The company says the technology could yield many orders of magnitude and less power consumption and space than used in today’s computers.

The first two prototype chips have already been fabricated and are undergoing testing.

Called cognitive computers, systems built with these chips won’t be programmed the same way traditional computers are today.

Rather, cognitive computers are expected to learn through experiences, find correlations, create hypotheses and remember – and learn from – the outcomes, mimicking the brain’s structural and synaptic plasticity.

They could play a fundamental role in the next wave of computing and communications, as evinced by the oncoming ‘internet of things’ – a world where wireless sensors and computers will communicate on a machine-to-machine basis, gathering information and making decisions without human interaction.

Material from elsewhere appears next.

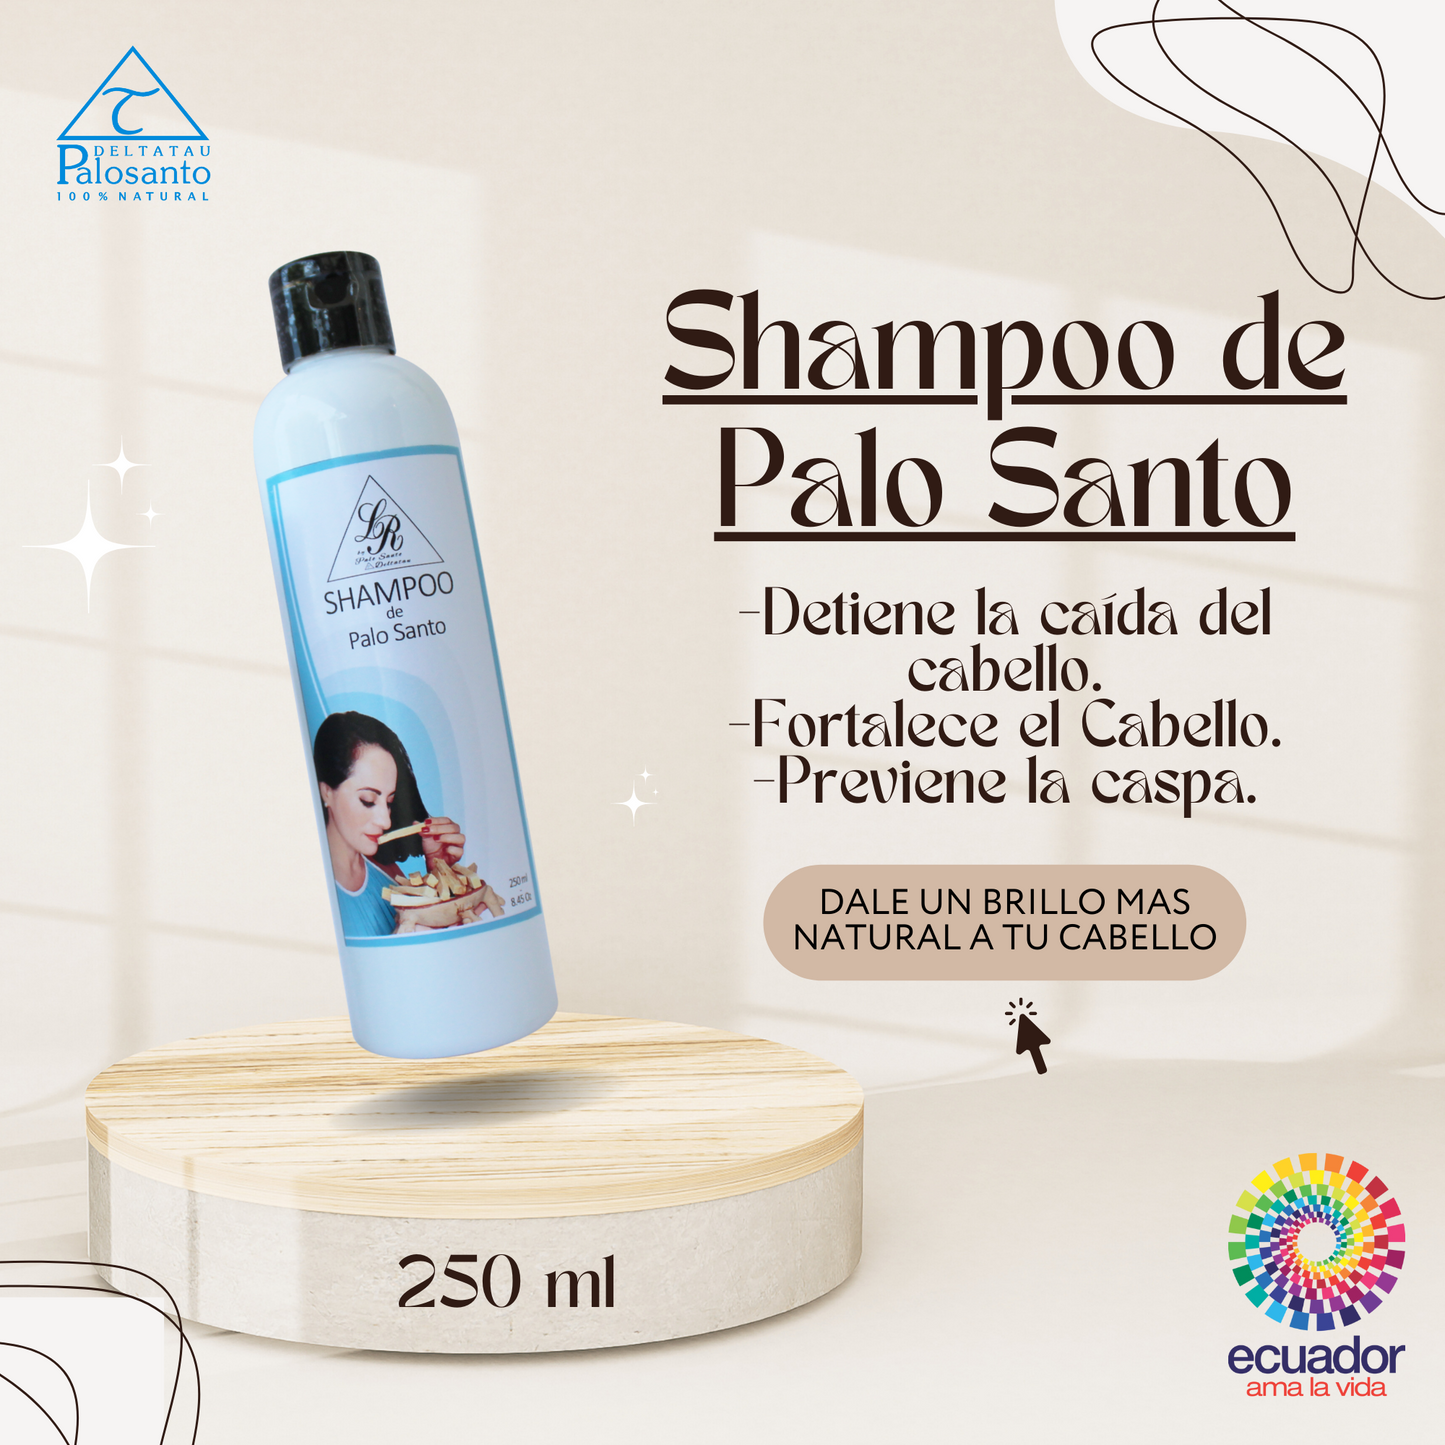 Shampoo de Palo Santo

IBM’s cognitive computing initiative

To do this, IBM is combining principles from nanoscience, neuroscience and supercomputing as part of a multi-year cognitive computing initiative.

The company and its university collaborators also announced they have been awarded about $21m in new funding from the Defense Advanced Research Projects Agency (DARPA) for Phase 2 of the Systems of Neuromorphic Adaptive Plastic Scalable Electronics (SyNAPSE) project.

The goal of SyNAPSE is to create a system that not only analyses complex information from multiple sensory modalities at once, but also dynamically rewires itself as it interacts with its environment – all while rivalling the brain’s compact size and low power usage. The IBM team has already successfully completed Phases 0 and 1.

“This is a major initiative to move beyond the von Neumann paradigm that has been ruling computer architecture for more than half a century,” said Dharmendra Modha, project leader for IBM Research.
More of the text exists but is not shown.